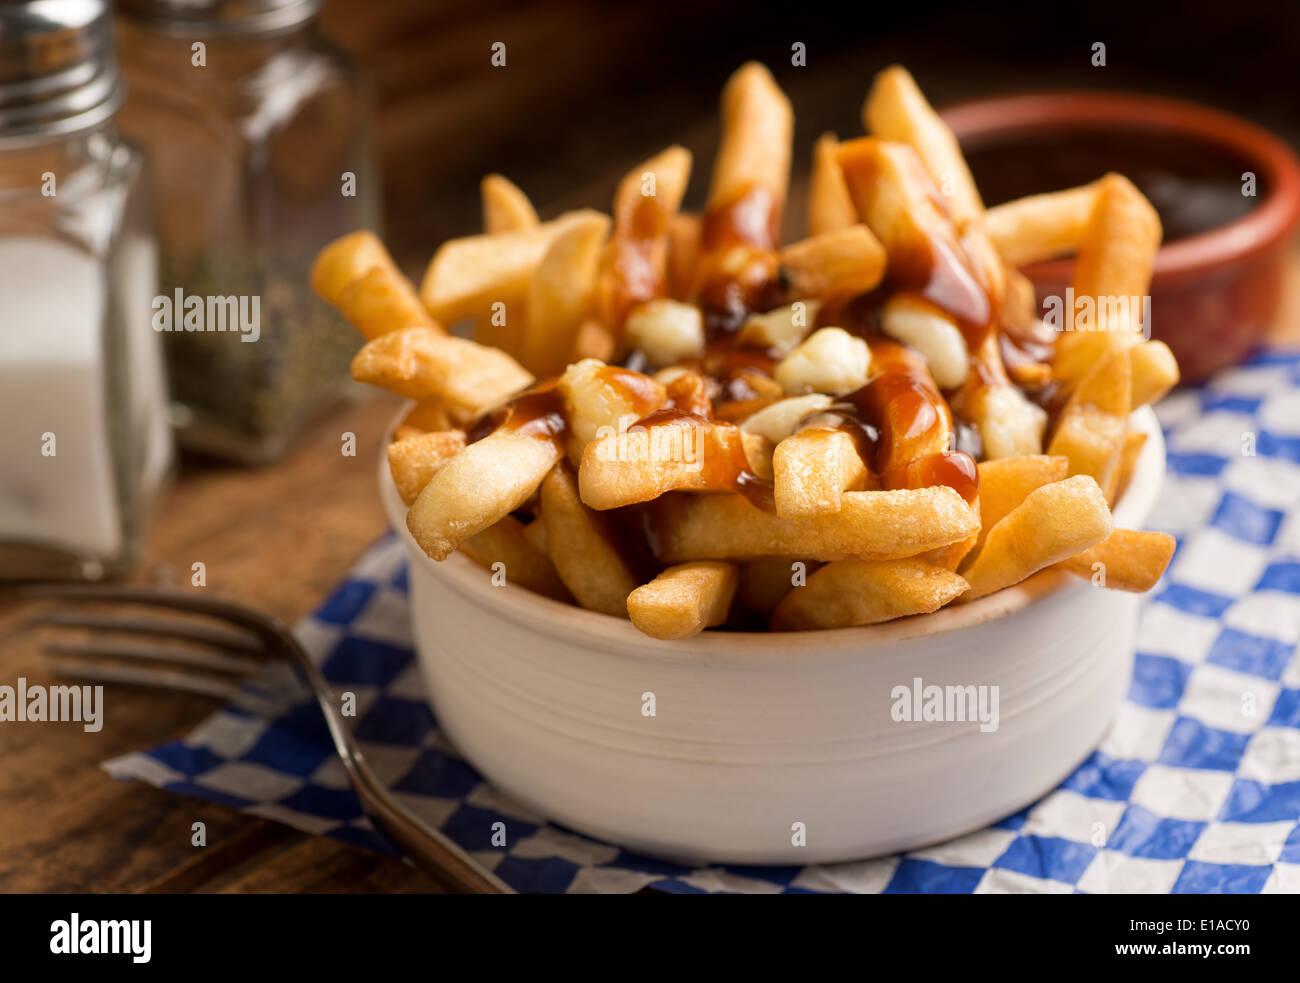 Klassische französische kanadische Poutine mit Pommes frites, Soße und Käse Quark auf einem rustikalen Tisch. Stockbild
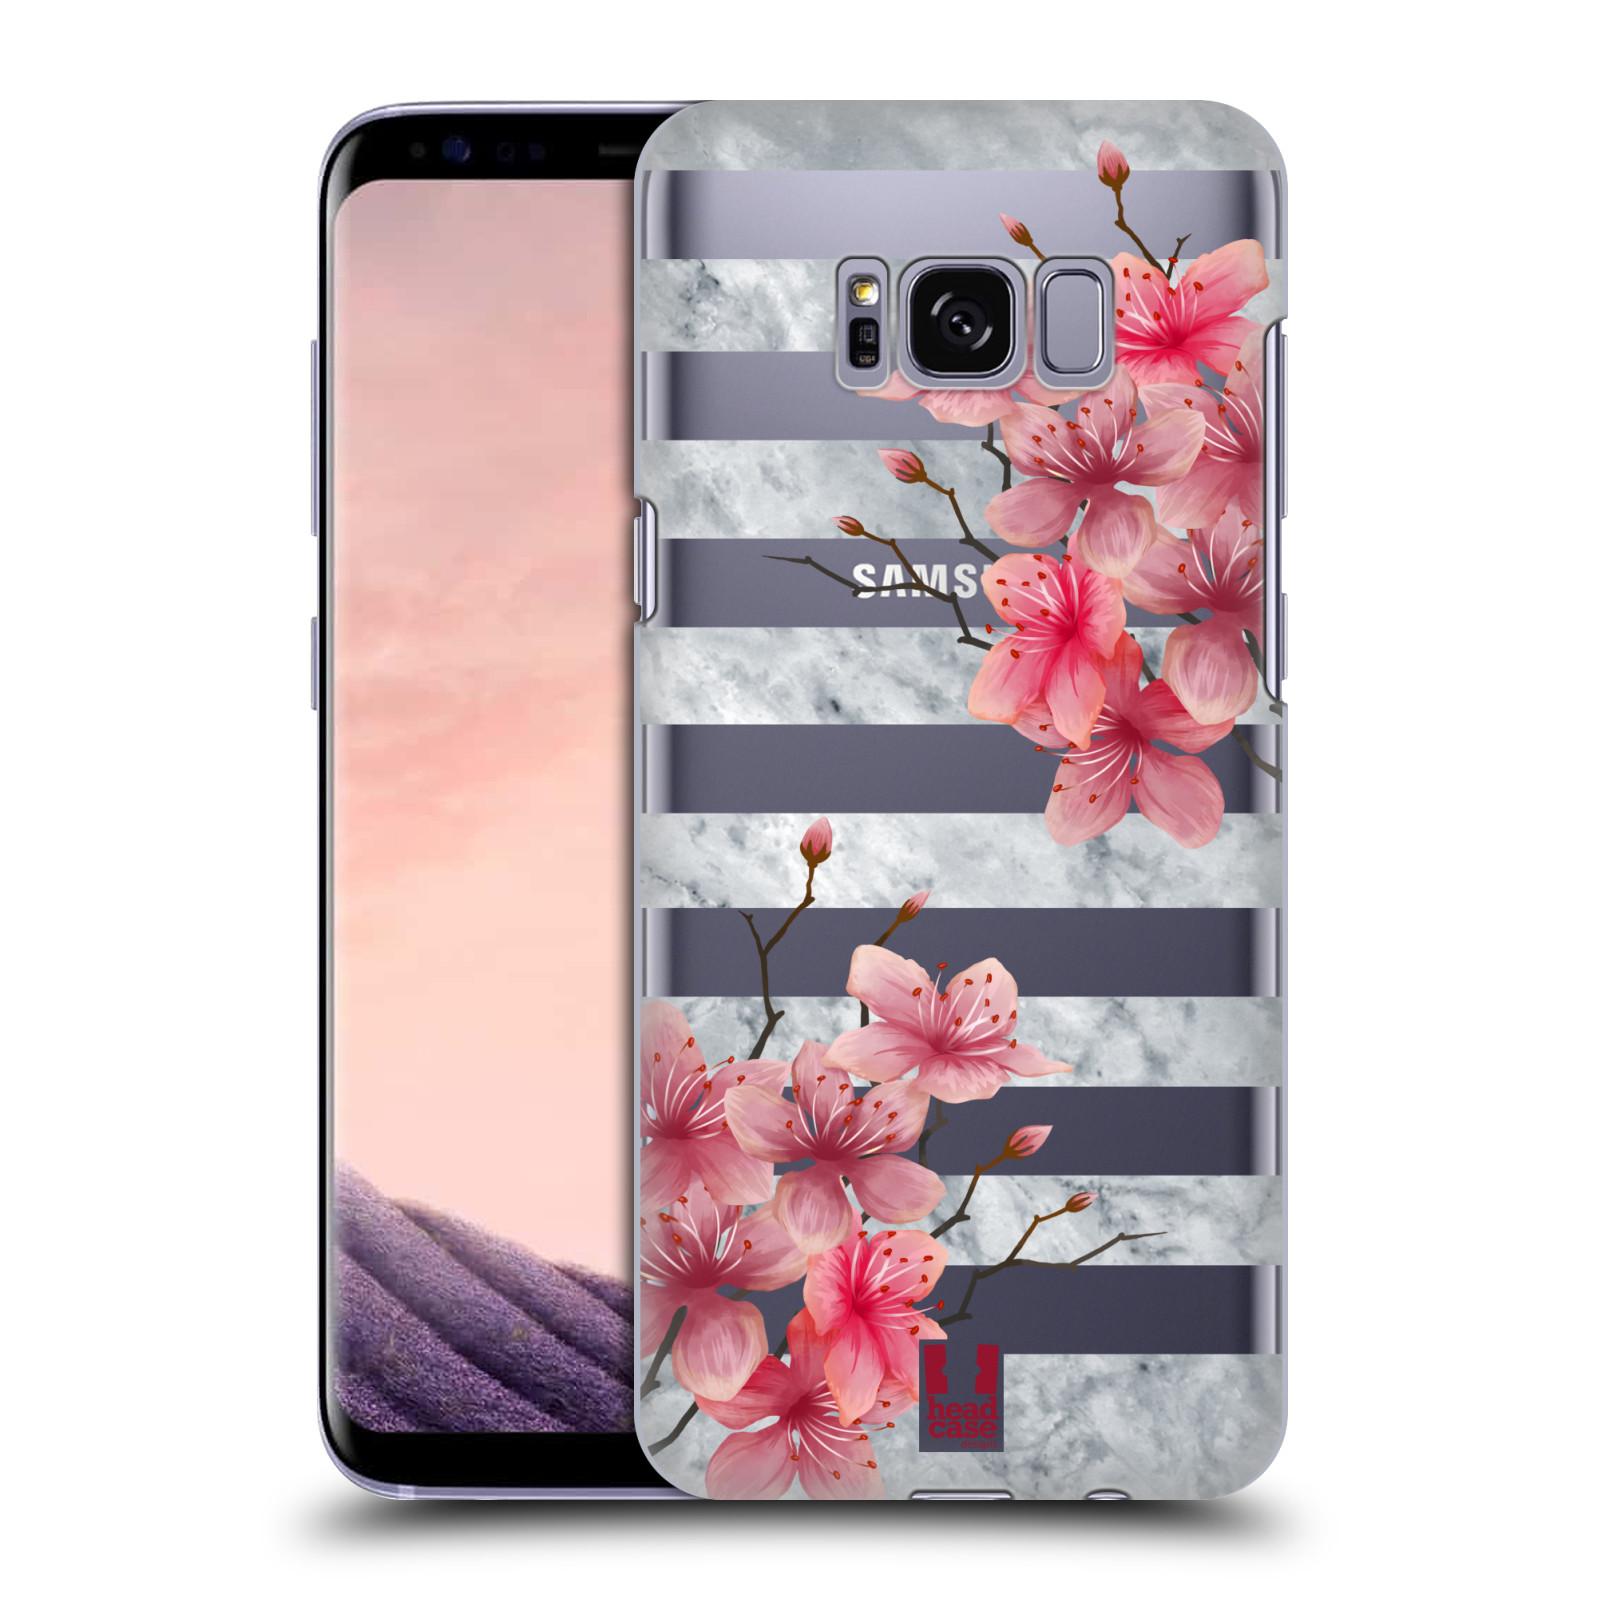 Plastové pouzdro na mobil Samsung Galaxy S8 - Head Case - Kvítka a mramor
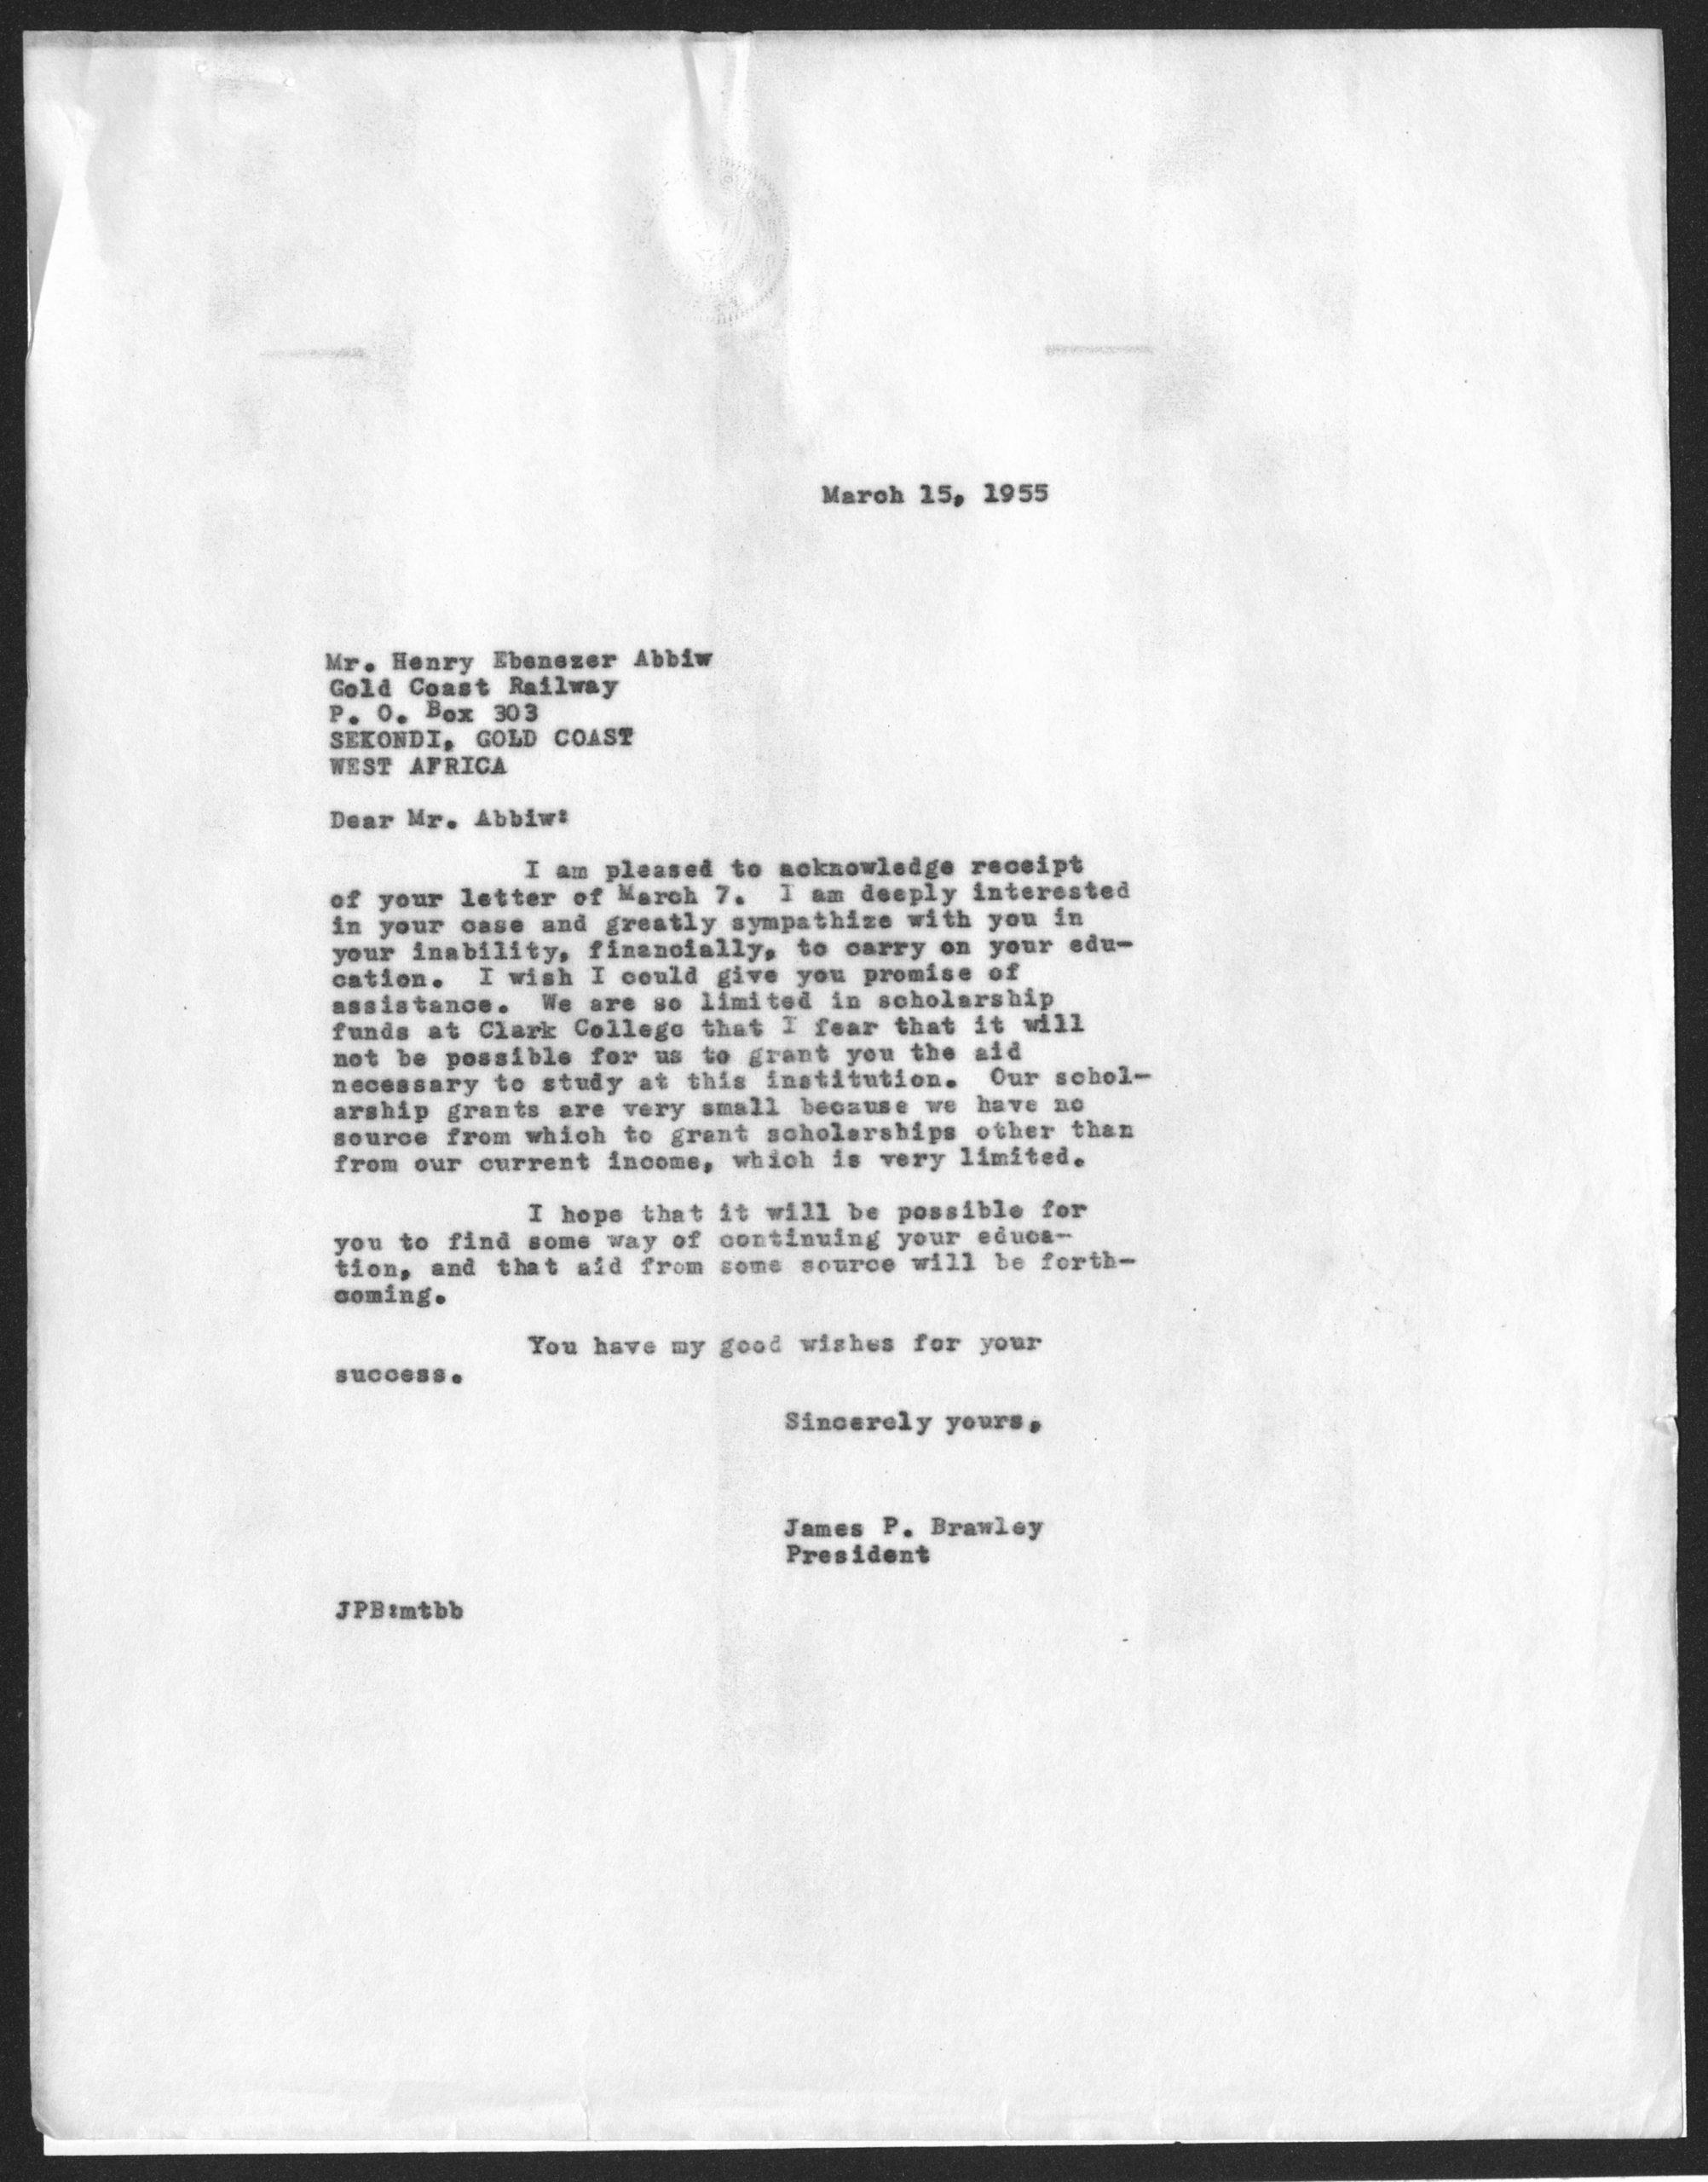 James P. Brawley1955 March 15 O9 James P. Brawley collection
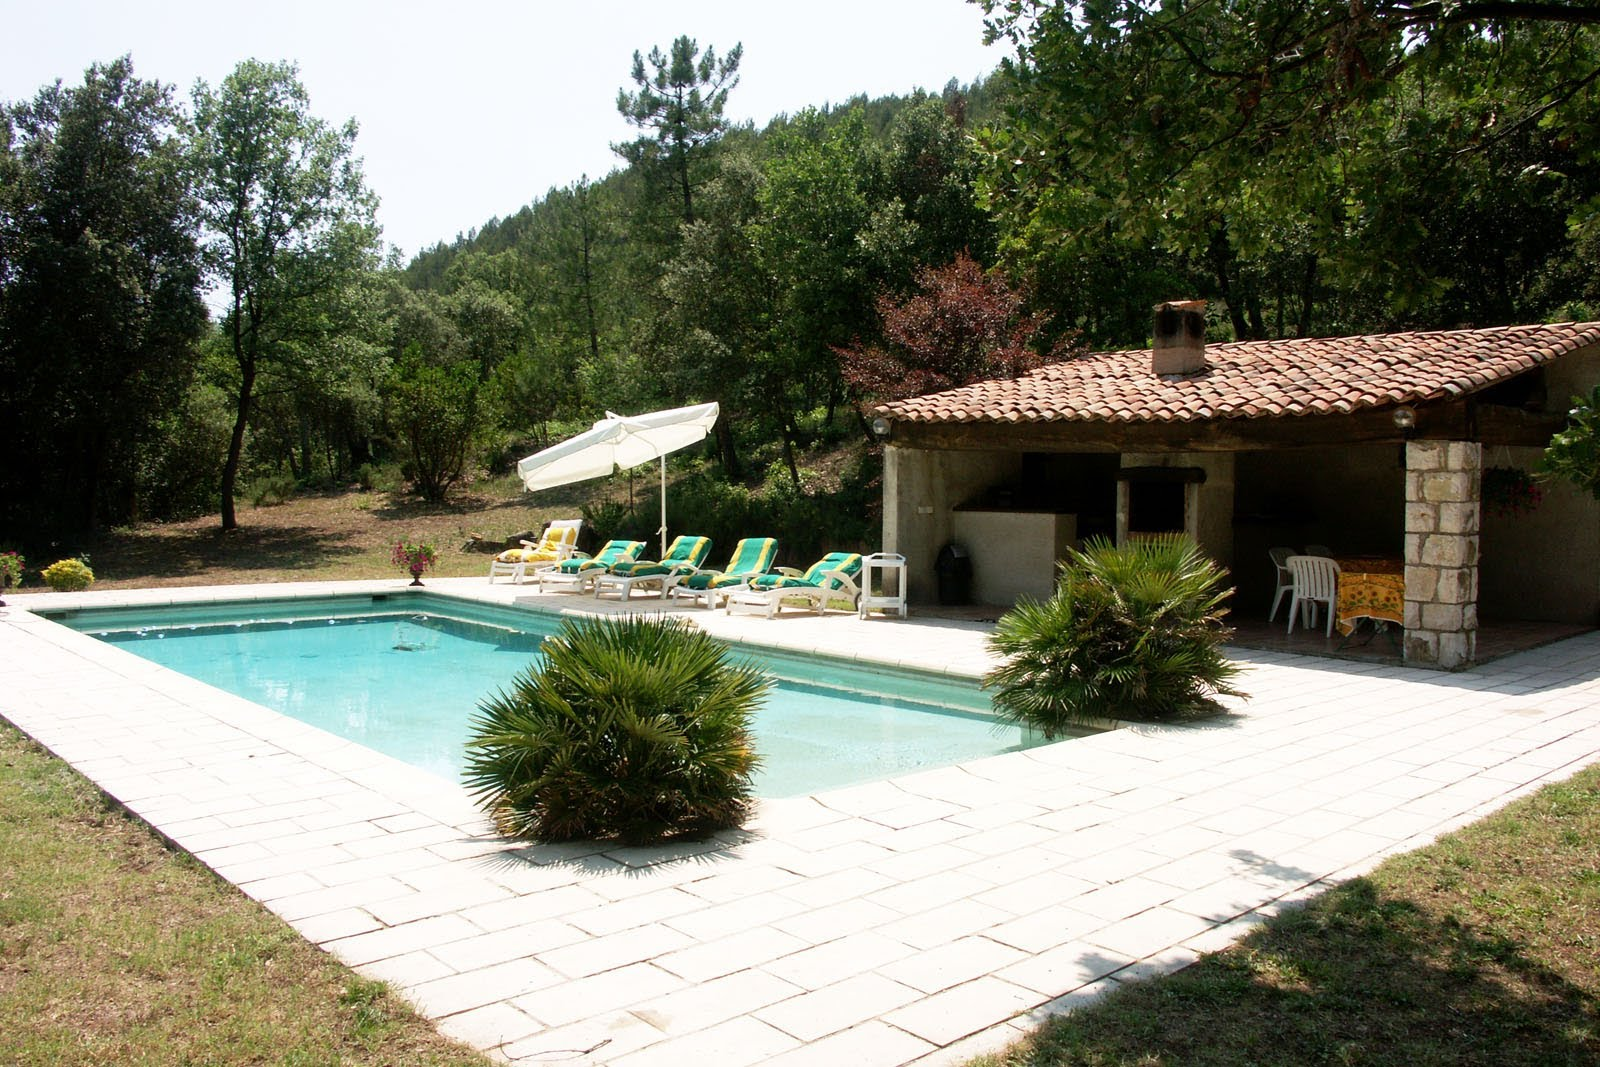 Maison de vacances italie avec piscine

+++

What this task involves: The lines from the one containing "James P. Brawley1955" through the final line of the data are to be repeated exactly, with both ends included and all pictures left out.

Output:
 James P. Brawley1955 March 15 O9 James P. Brawley collection
 Maison de vacances italie avec piscine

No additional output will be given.